The message must have been trying to say  that a required resource was missing, or not found, but at the time of getting the final detail Outlook must have run out of UI resources and hence could not summon the needed text string. Not surprising, since running out of resources is precisely what caused the message to appear, in a valiant attempt to tell the user what is going on. (Valiant but not that useful: if you are not a programmer on the Outlook development team but just a customer trying to read email, it is not absolutely obvious how the message, even with the missing part, helps you.) The irony in the example is that the title bar suggests the problem arose in connection with trying to display the “Social Connector” area, a recent Outlook feature which I have never used. (Social connector? Wasn’t the deal about getting into computer science in the first place that for the rest of your life you’d be spared the nuisance of social connections? One can no longer trust anything nowadays.)

We can sympathize with whoever wrote the code. The Case Of The Resource That Was (Not) is an example of a general programming problem which we may call Space Between Your Back And Wall  or SBYBAW:  when you have your back against the wall, there is not much maneuvering space left.

A fairly difficult case of the SBYBAW problem arises in garbage collection, for example for object-oriented languages. A typical mark-and-sweep garbage collector must traverse the entire object structure to remove all the objects that have not been marked as reachable from the stack. The natural way to write a graph traversal algorithm is recursive: visit the roots; then recursively traverse their successors, flagging visited objects in some way to avoid cycling. Yes, but the implementation of a recursive routine relies on a stack of unpredictable size (the longest path length). If we got into  garbage collection, most likely it’s that we ran out of memory, precisely the kind of situation in which we cannot afford room for unpredictable stack growth.

In one of the early Eiffel garbage collectors, someone not aware of better techniques had actually written the traversal recursively; had the mistake not been caught early enough, it would no doubt have inflicted unbearable pain on humankind.

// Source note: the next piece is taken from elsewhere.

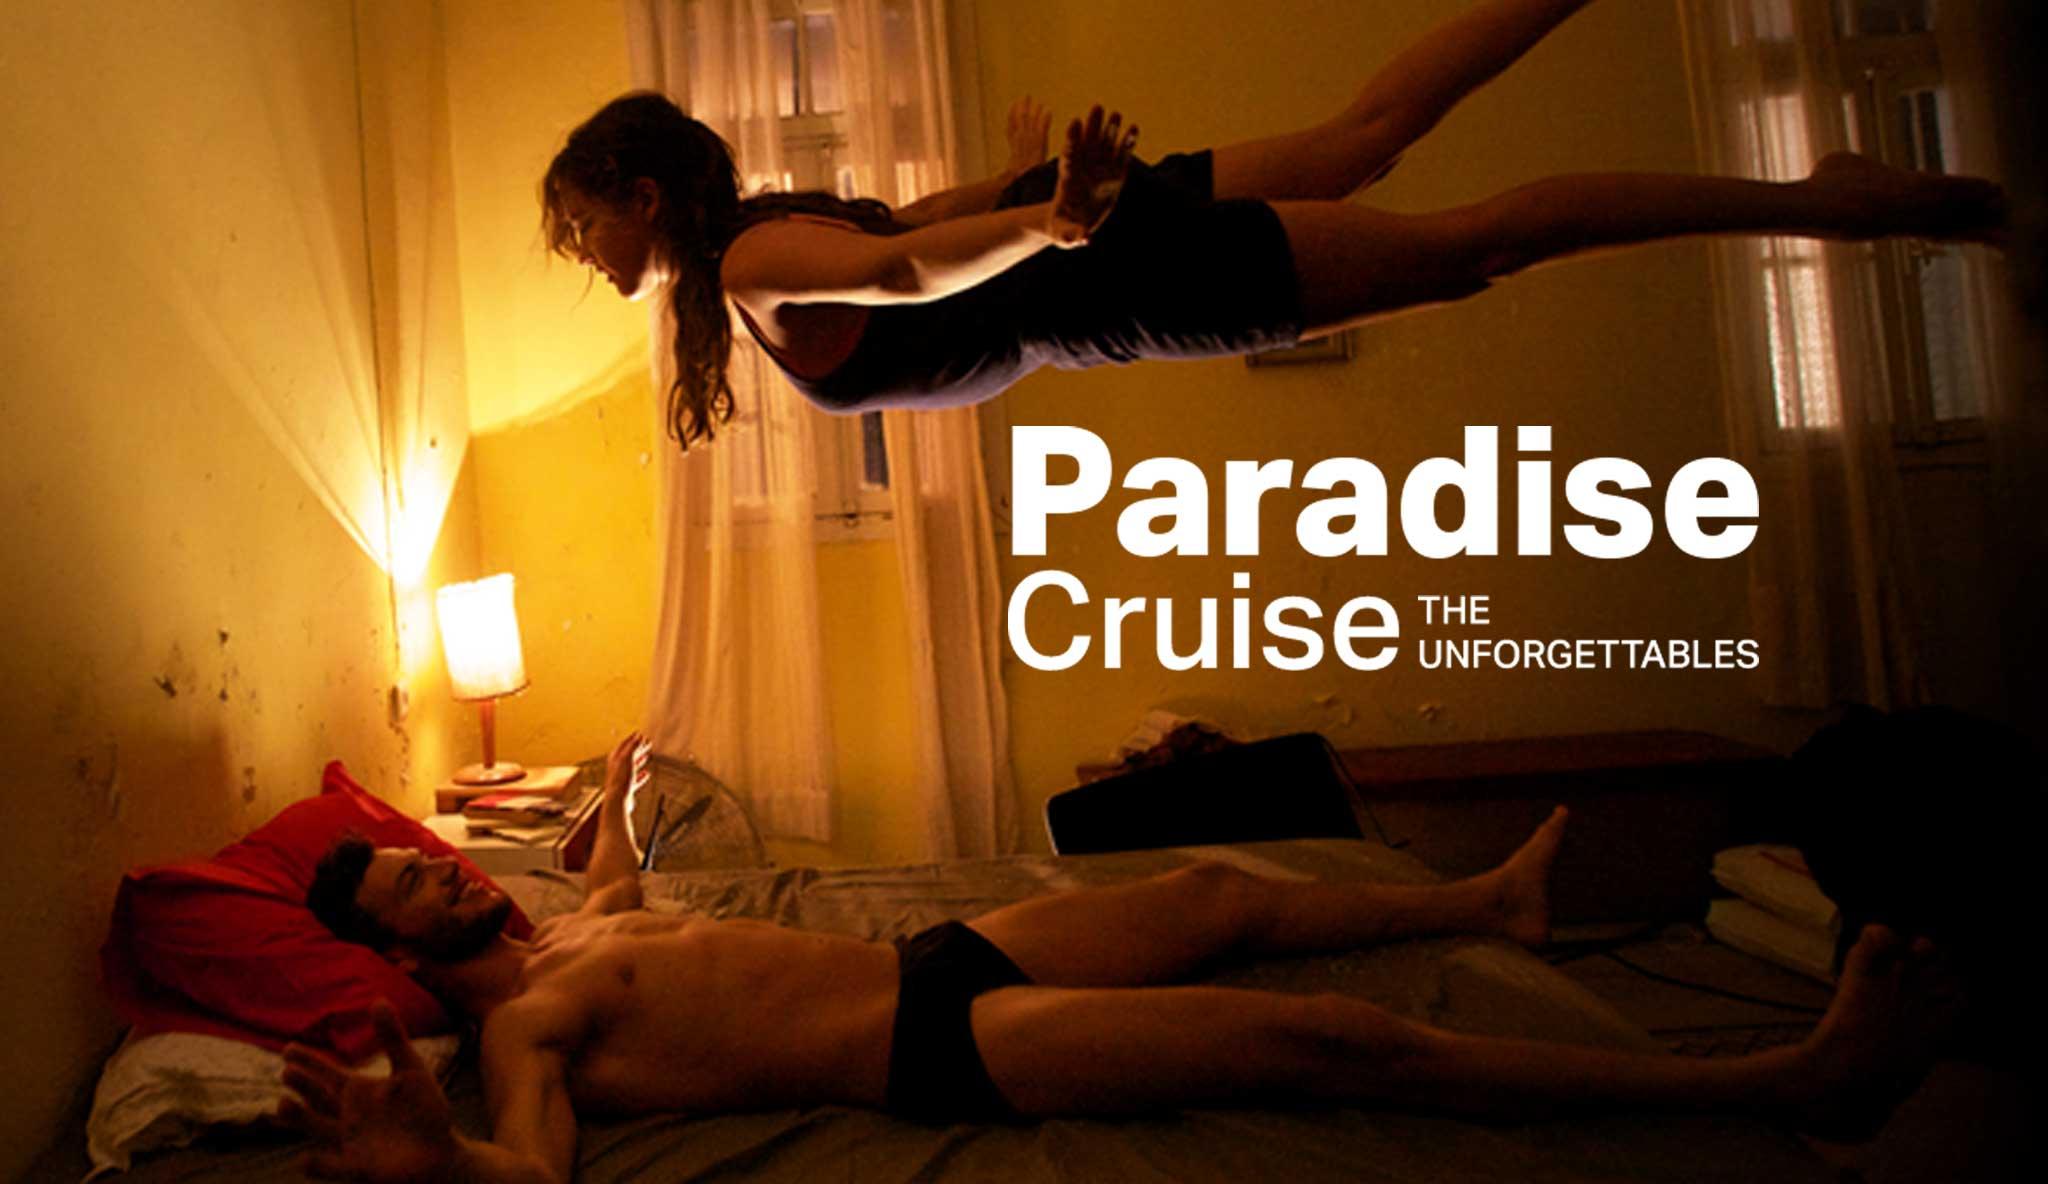 paradise-cruise-the-unforgettables\header.jpg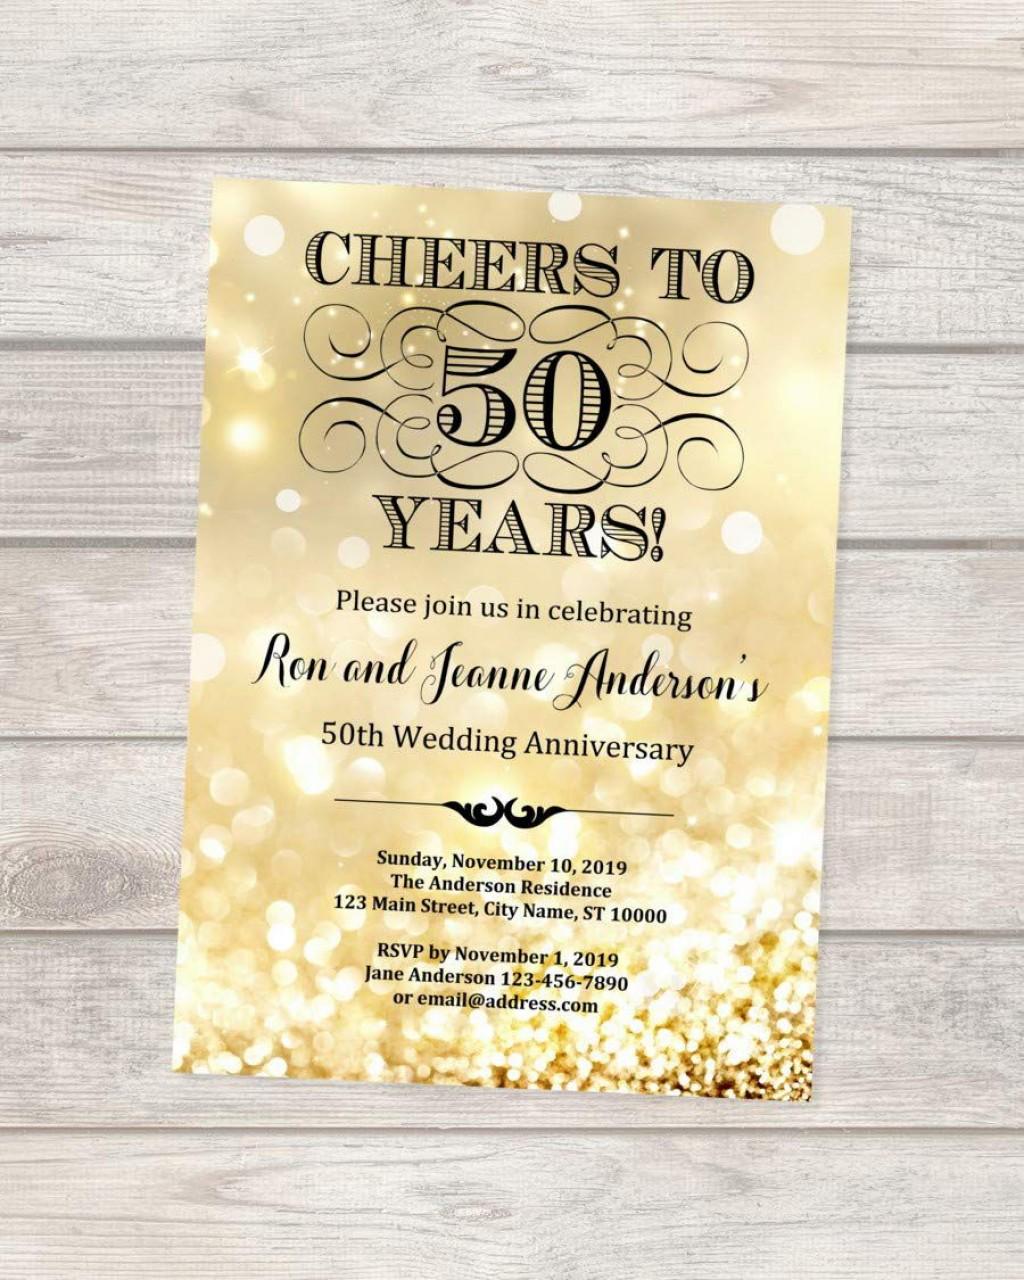 004 Imposing 50th Wedding Anniversary Invitation Design Sample  Designs Wording Card Template Free DownloadLarge

Fortunately there is a solution: the Deutsch-Schorr-Waite algorithm [1], which avoids recursion on the program side by perverting the data structure to  replace some of the object links by recursion-control links; when the traversal’s execution proceeds along an edge, it reverses that edge to permit eventual return to the source. Strictly speaking, Deutsch-Schorr-Waite still requires a stack of booleans — to distinguish original edges from perverted ones — but we can avoid a separate stack (even just  a stack of booleans, which can be compactly represented in a few integers) by storing these booleans in the mark field of the objects themselves. The resulting traversal algorithm is a beauty — although it is fairly tricky, presents a challenge for verification tools, and raises new difficulties in a multi-threaded environment.

Deutsch-Schorr-Waite is a good example of “Small Memory Software” as studied in a useful book of the same title [2]. The need for Small Memory Software does not just arise for embedded programs running on small devices, but also in mainstream programming whenever we face the SBYBAW issue.

The SBYBAW lesson for the programmer is tough but simple. The resources we have at our disposal on a computing system may be huge, but they are always finite, and our programs’ appetite for resources will eventually exhaust them. At that stage, we have to deal with the SBYBAW rule, which sounds like a tautology but is an encouragement to look for clever algorithms:  techniques for freeing resources when no resources remain must not request new resources.

References

[1] Deutsch-Schorr-Waite is described in Knuth and also in [2]. Someone should start a Wikipedia entry.

[2] James Noble and Charles Weir: Small Memory Software: Patterns for Systems with Limited Memory, Addison-Wesley, 2001.